College graduates who showed paltry gains in critical thinking and little academic engagement while in college have a harder time than their more accomplished peers as they start their careers, according to a report released today.
The report, "Documenting Uncertain Times: Postgraduate Transitions of the Academically Adrift Cohort," follows up on the highly influential and controversial book Academically Adrift, which was published one year ago. The report is being released at the annual meeting of the Association of American Colleges and Universities, and it expands upon many of the themes that the book explored by following a subset of students from the book into early adulthood.
Like the book, the new study was written by Richard Arum, professor of sociology and education at New York University, and Josipa Roksa, assistant professor of sociology at the University of Virginia. They were joined by Esther Cho, program coordinator at the Social Science Research Council, and Jeannie Kim, a doctoral candidate in sociology at NYU.
In the spring of 2011, the authors surveyed more than 900 of the students that they studied in Academically Adrift to learn about their progress since graduation: whether they were employed, enrolled in graduate school, what their living arrangements were, and how civically engaged they were.
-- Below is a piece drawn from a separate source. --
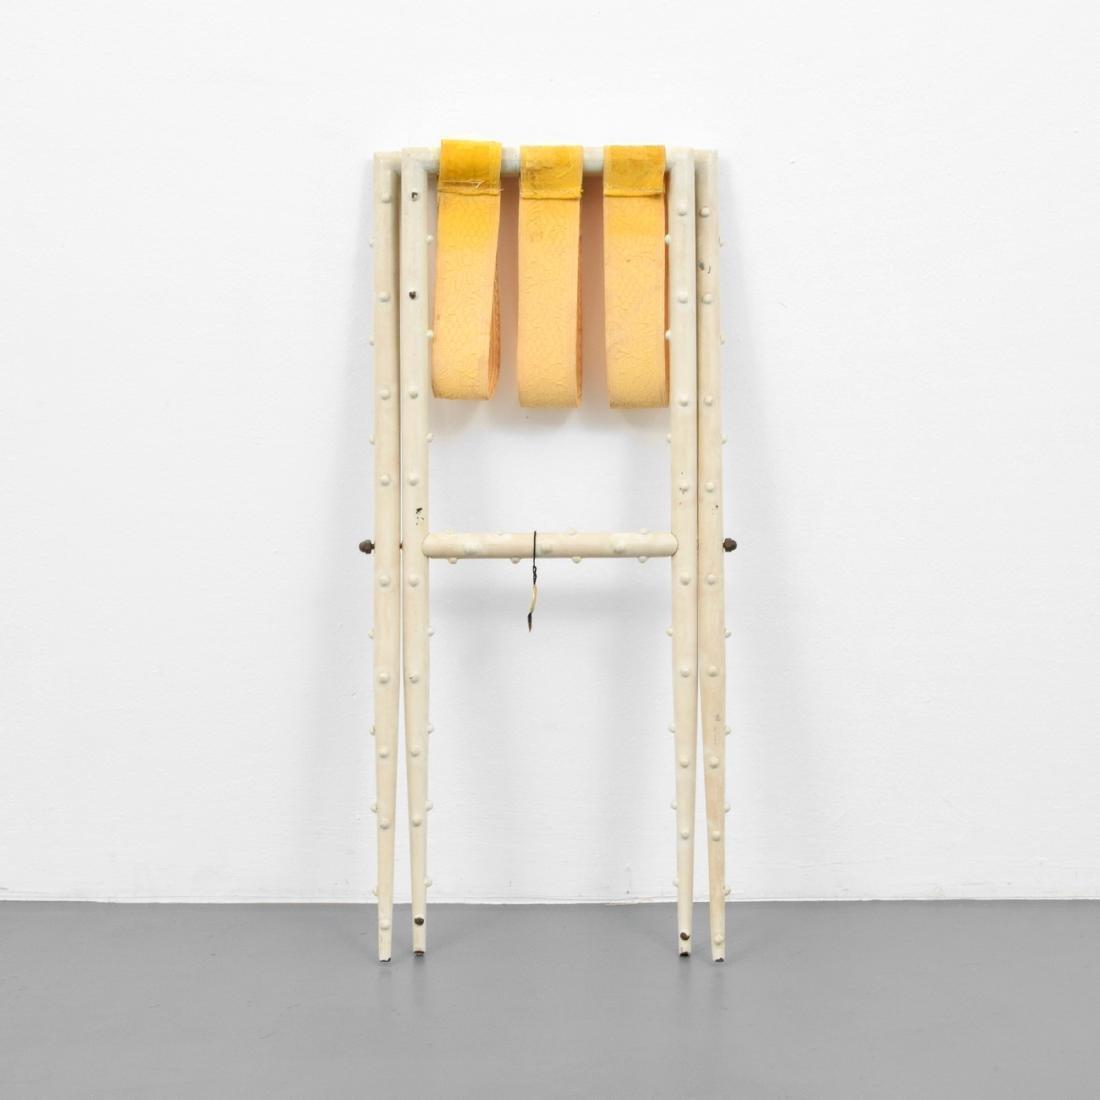 Piero Fornasetti Folding Luggage Stand - 5

It has proven to be difficult for researchers to link data on students' academic performance to what happens to them when they enter the labor market, said Mr. Arum. The results that he and his colleagues found were so arresting, he said, that they chose to release them earlier than the follow-up book that they are planning to publish in the next year or two.
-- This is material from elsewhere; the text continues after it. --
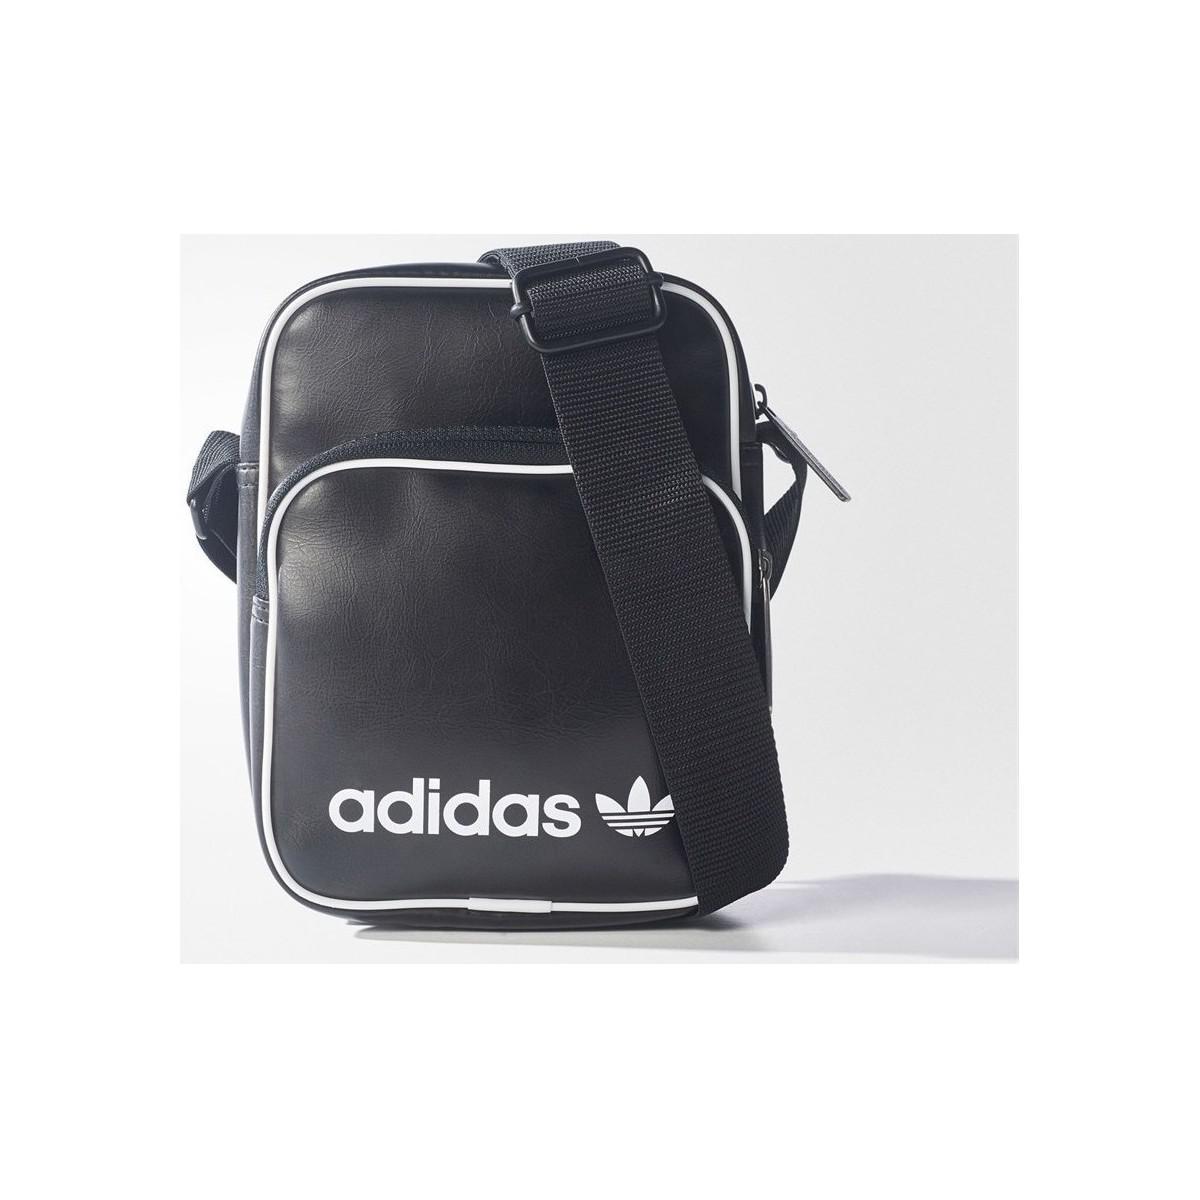 adidas Originals Mini Vintage Bag Men s Messenger Bag In Black in ... f21c2e58b9

Here is what they found: Graduates who scored in the bottom 20 percent on a test of critical thinking fared far more poorly on measures of employment and lifestyle when compared with those who scored in the top 20 percent. The test was the Collegiate Learning Assessment, or CLA, which was developed by the Council for Aid to Education.
The students scoring in the bottom quintile were three times more likely than those in the top quintile to be unemployed (9.6 percent compared with 3.1 percent), twice as likely to be living at home with parents (35 percent compared with 18 percent), and significantly more likely to have amassed credit-card debt (51 percent compared with 37 percent).
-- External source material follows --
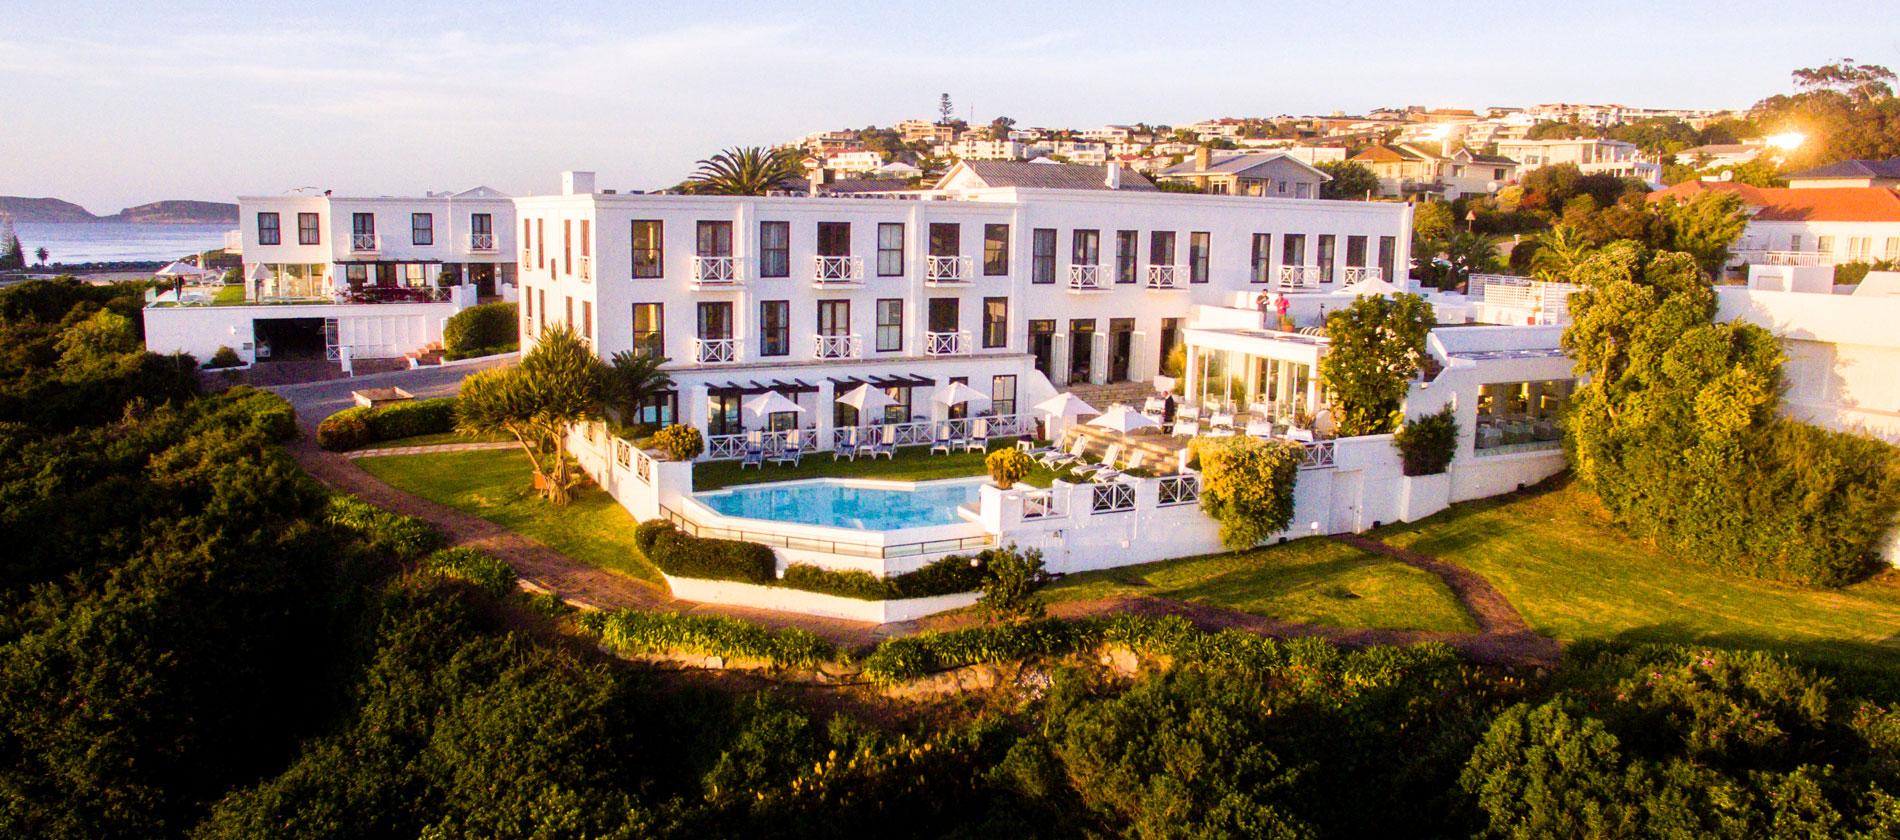 The Plettenberg Hotel   Enchanting Travels

"That's a dramatic, stunning finding," said Mr. Arum, referring to the sharp difference in unemployment so early in the students' lives after college. "What it suggests is that the general higher-order skills that the Council for Aid to Education assessment is tracking is something of significance, something real and meaningful."
The size of the group studied in the new report represented a smaller sample than was studied in the book. For Academically Adrift, Mr. Arum and Ms. Roksa studied more than 2,300 students who entered 24 four-year colleges in the fall of 2005. They found the unsettling results that about one-third of students failed to show significant progress on the CLA during their college careers. Most students did not take academically demanding courses, defined as 20 or more pages of writing across the semester, or 40 or more pages of reading per week.
The book's findings sparked both controversy and hand-wringing. Critics argued that the CLA, which gives students a set of materials with contradictory information and asks them to marshal a written argument, was a flawed measure of learning because it is divorced from content. Others questioned the book's statistical methodology.
Since the book's publication, some of the results have been replicated by a team of education researchers, including Ernest T. Pascarella of the University of Iowa, which studied other samples of students who were tested with other standardized measures of critical thinking.
The overwhelming majority of students, 86 percent, who were studied in Academically Adrift graduated in four years, in 2009. Their CLA scores were not alone in predicting stark differences in how they fared after college; so did the selectivity of their college and what the authors described as a measure of academic engagement and growth, which encompassed reading and writing requirements of classes taken, hours spent studying, and growth on the CLA.
Business majors, who received some of the harshest criticism in Academically Adrift for showing meager gains in critical thinking, nonetheless found full-time jobs more often than students in any other major. More than 71 percent of business majors were employed, followed by communications majors at nearly 68 percent. Only about one-third of science and math majors were employed, but nearly half of the graduates in these fields were enrolled full time in graduate school, the highest such percentage of any major.
Mr. Arum said the high rate of employment for business majors was not surprising, based on past research. The bigger question, he said, is how business majors fare over time, and whether their meager gains in critical thinking in college predict less of an ability to adapt as their careers unfold.
"Some of these early gains come at the cost of different career trajectories," he said. "Perhaps it's going to catch up to them down the road."
The authors also surveyed graduates on their level of civic engagement.
Those who showed high levels of academic growth in college or who scored in the highest quintile on the CLA also were more likely (between 11 and 19 percentage points) to read the news and discuss politics compared with students who fared poorly on these measures.
"Our findings indicate that educational experiences have significant consequences for individuals and the larger society," the authors wrote.
The findings on civic engagement follow other efforts by the Association of American Colleges and Universities to raise public awareness of the value of higher education to the civic health of the country. Last week, the association issued a report calling on colleges to make civic learning a central goal of higher education.
Correction (3:36 p.m.): This article originally reported incorrectly on how much more likely were students with the highest academic growth in college or the highest scores on the CLA to read the news and discuss politics compared with students who fared poorly on those measures. The increased likelihood for those top students was 11 to 19 percentage points, not 10 to 15 percentage points. The article has been updated to reflect this correction.